Talks to resolve a deadly border dispute between Zambia and DR Congo collapsed on Thursday – three days into the five day talks.
High-level delegations from both sides have been meeting since Tuesday in Lubumbashi, capital of the Haut-Katanga province. The two countries sent political and expert teams for the talks.
DR Congo’s delegation is led by Zoe Kabila, governor of Tanganyika Province, whose portion of territory is occupied by heavily armed Zambia troops. Zoe is also young brother of former President Joseph Kabila.
Around March 19, Zambian troops crossed into what DR Congo considers as Tanganyika province and took over three large villages Kubanga, Kalubamba and Moliro. They are located along the common border and also touch on Lake Tanganyika.
There were brief skirmishes, but no major escalation. Since then, the government in Kinshasa and Zambian defense ministry officials met to diffuse the situation.
According to historical records, that particular region has been spot of regular fighting between the two countries for decades. More recently, war nearly broke out in 1996, 2006 and 2016. A treaty was signed in 1989 confirming the areas belonged to DRC, then called Zaire.

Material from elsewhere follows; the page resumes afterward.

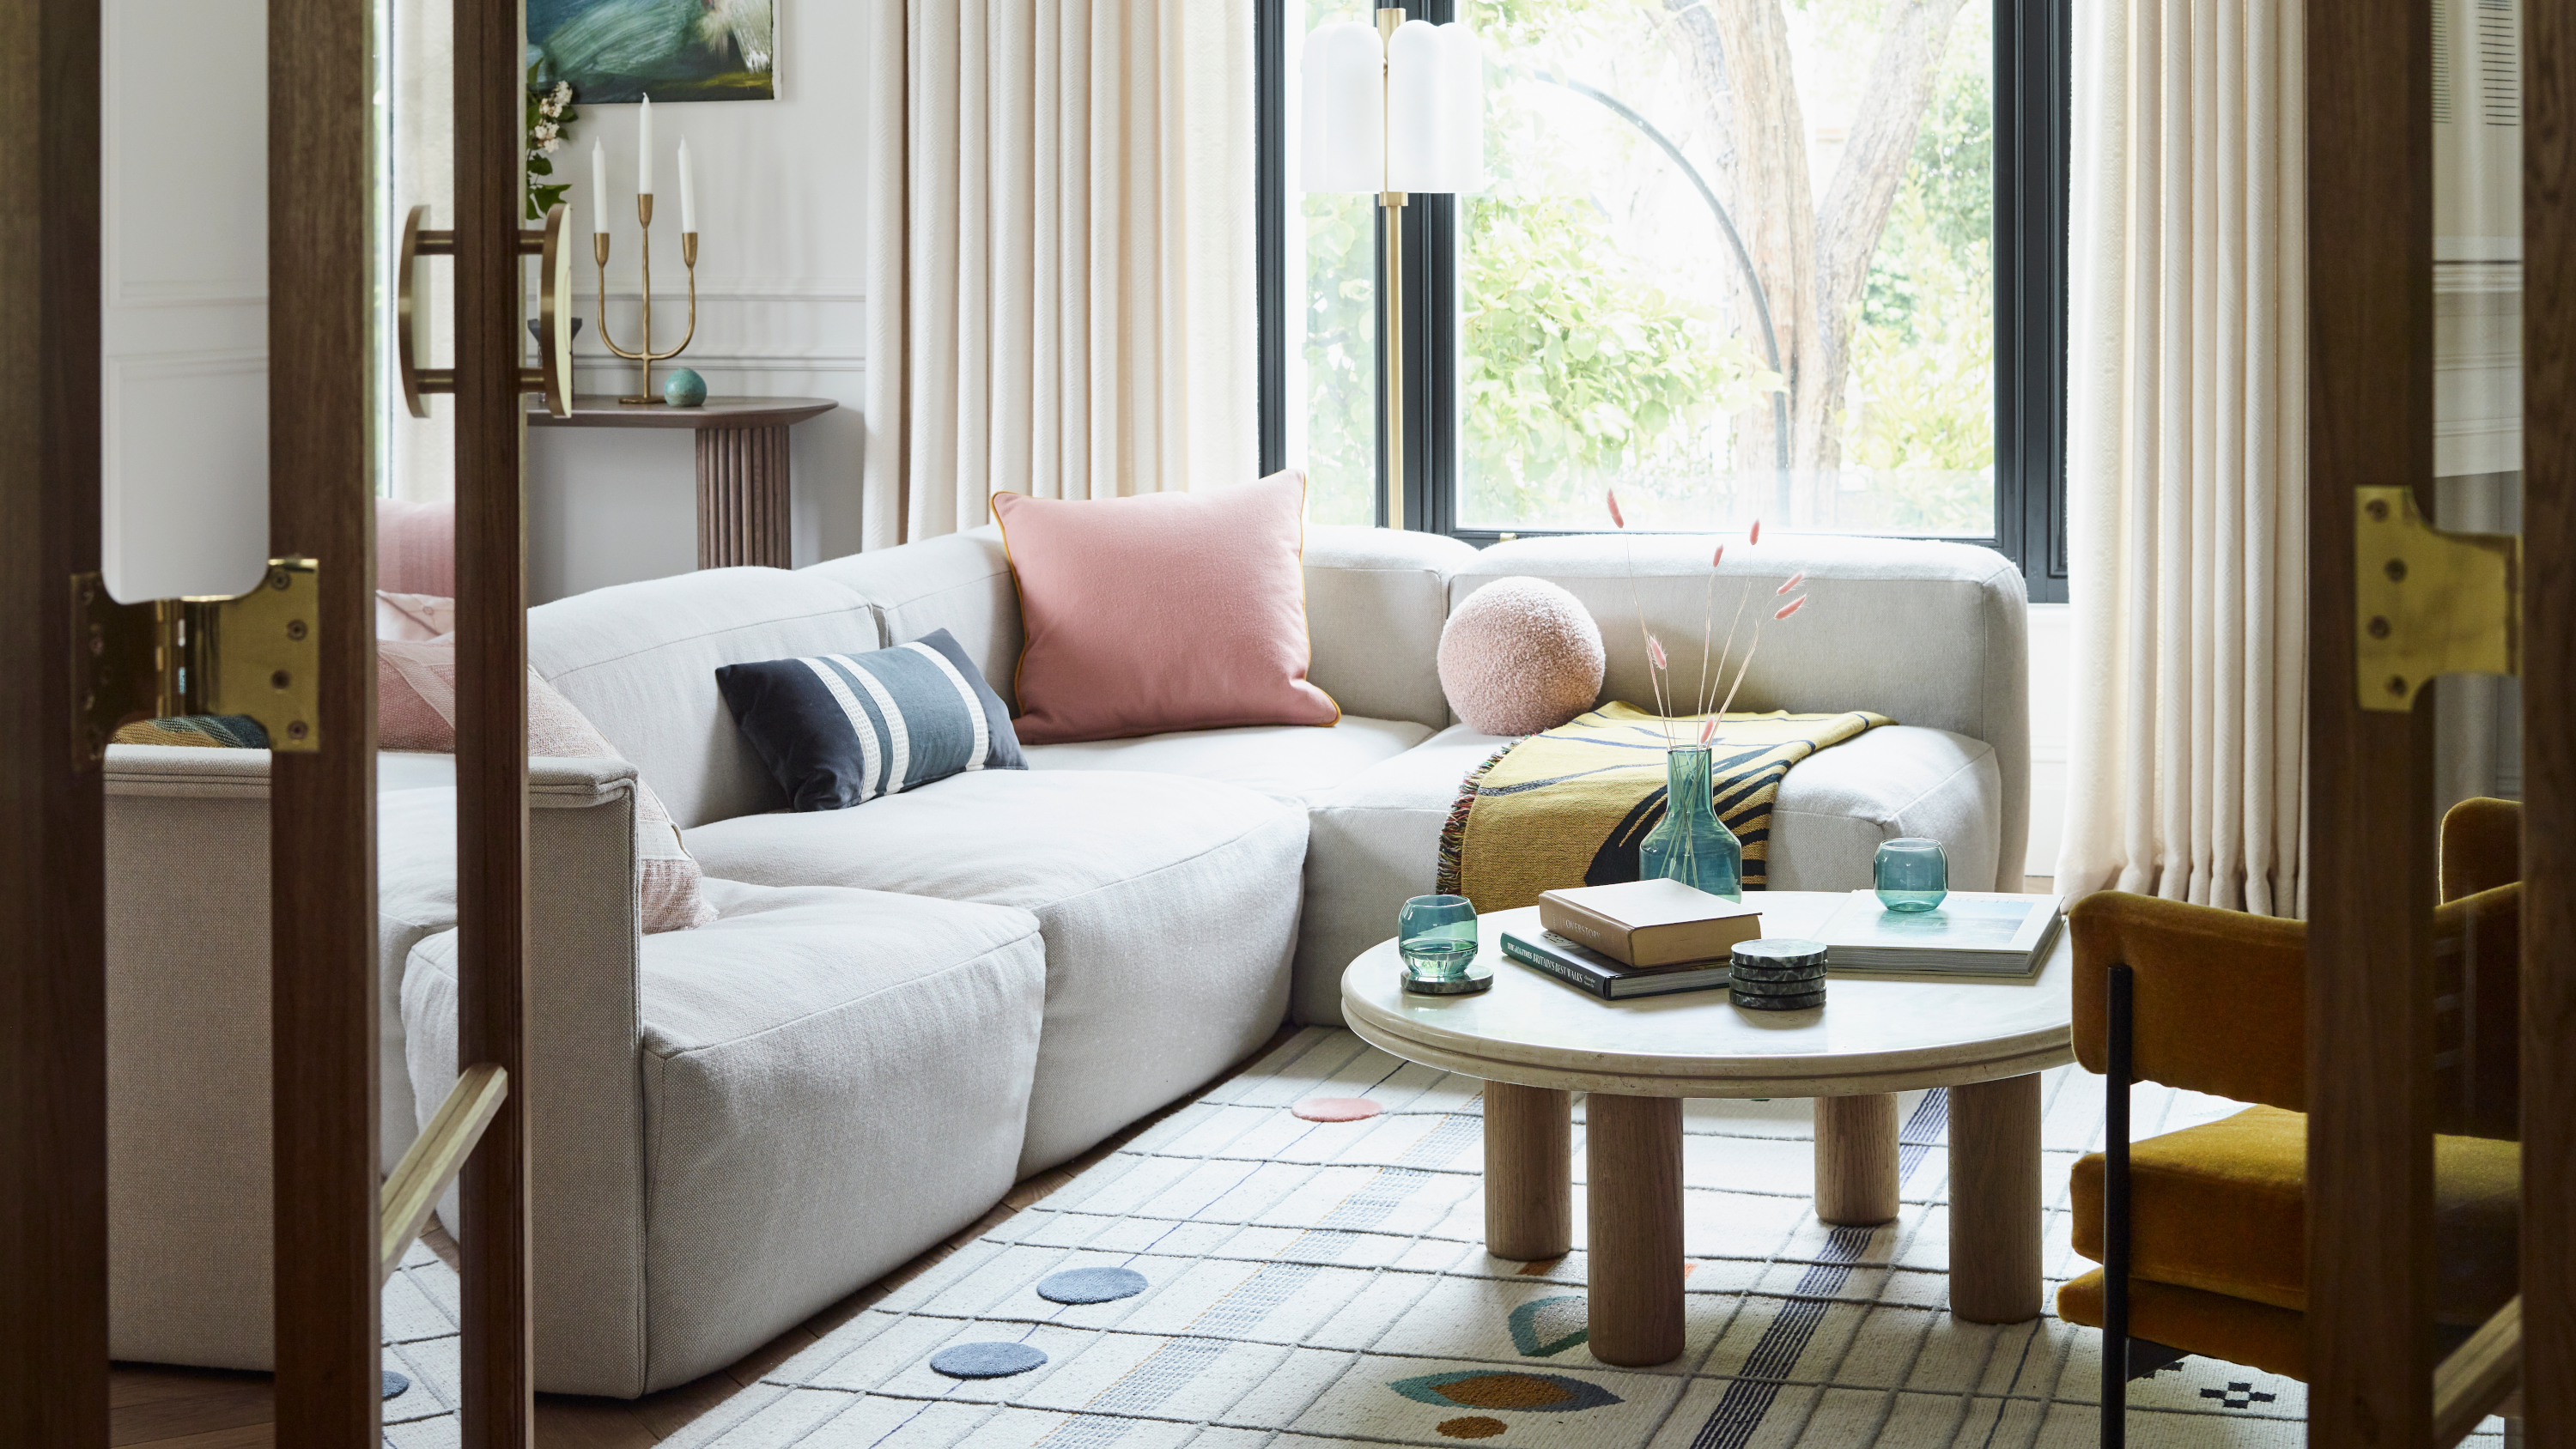 Sofa: Ngày nay, sofa không chỉ là một món đồ nội thất bình thường mà còn đóng vai trò quan trọng trong tạo nên không gian sống đẹp và sang trọng. Nếu bạn đang tìm kiếm một chiếc sofa đẹp, chất lượng và phong cách thì đến ngay Crate & Barrel. Tại đó, bạn sẽ có nhiều sự lựa chọn về chất liệu, màu sắc và kiểu dáng để tạo ra không gian sống độc đáo và đầy cá tính.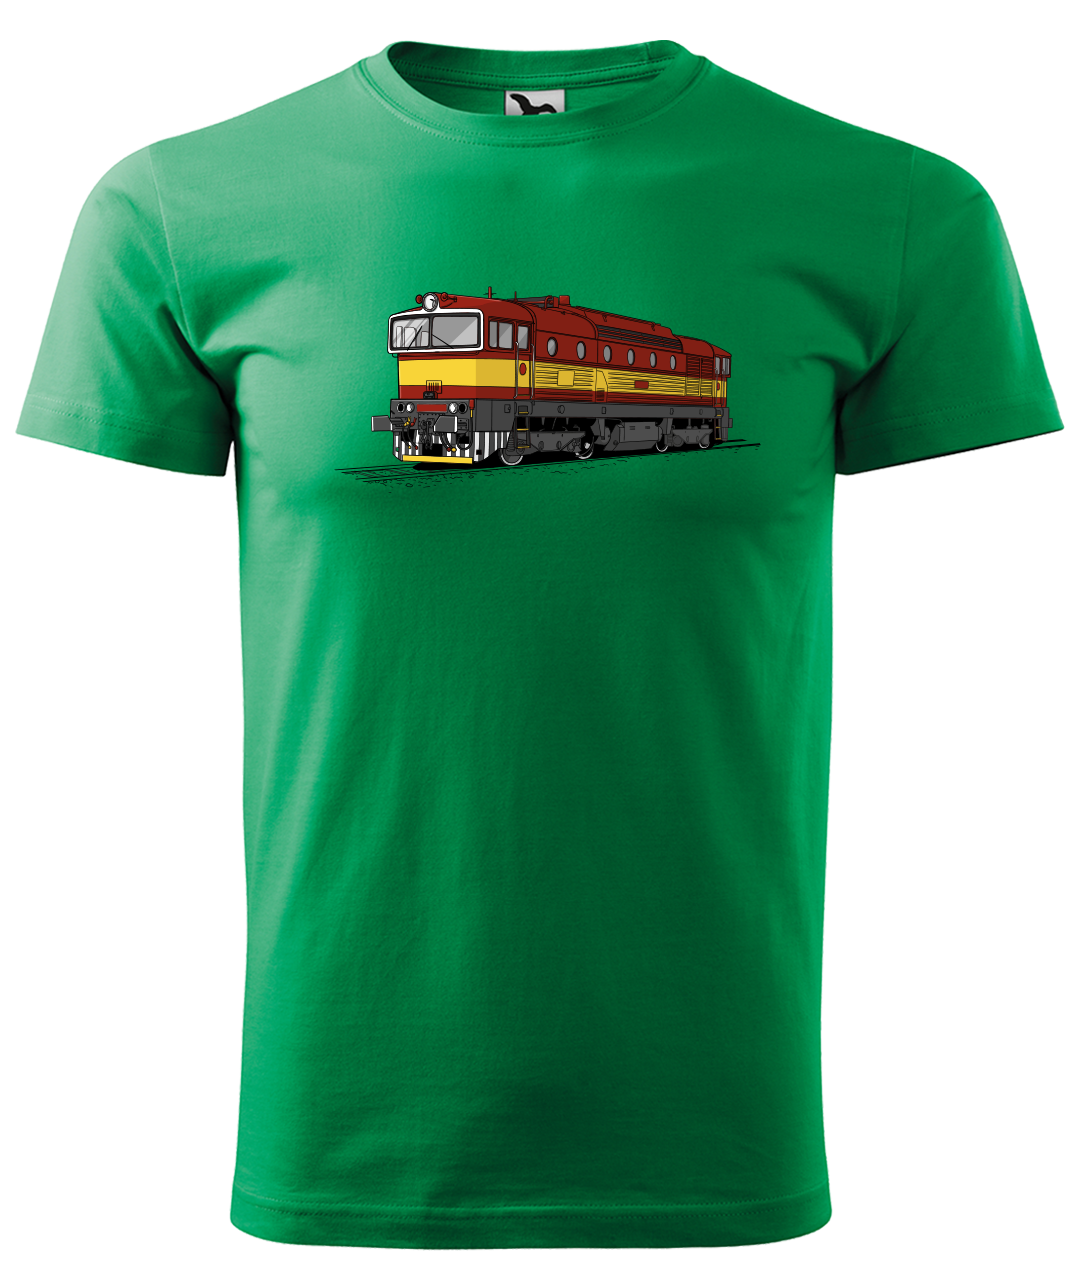 Dětské tričko s vlakem - Barevná lokomotiva BREJLOVEC Velikost: 4 roky / 110 cm, Barva: Středně zelená (16)

From the latest crisis, in the occupied villages, pictures shared on social media show inscriptions “New Zambia” on walls of houses, supposedly written by the occupying Zambia forces.
During the preliminary informal engagements, Kinshasa and Lusaka agreed in principle that the border conflict be handled within the annual joint commission summits. The current summit handling the Tanganyika border dispute is the tenth (10th) and was to last five days.
It emerged Thursday evening that the Lubumbashi talks had collapsed, just three days into the meetings. Media reports from Lubumbashi say Tanganyika Governor Zoe Kabila walked out of the talks vowing he will never relinquish a “single centimeter of DR Congo”.
Meanwhile, some political leaders are pushing a narrative that the border dispute is manufactured from within DRC in effort to undermine government of President Felix Tshisekedi.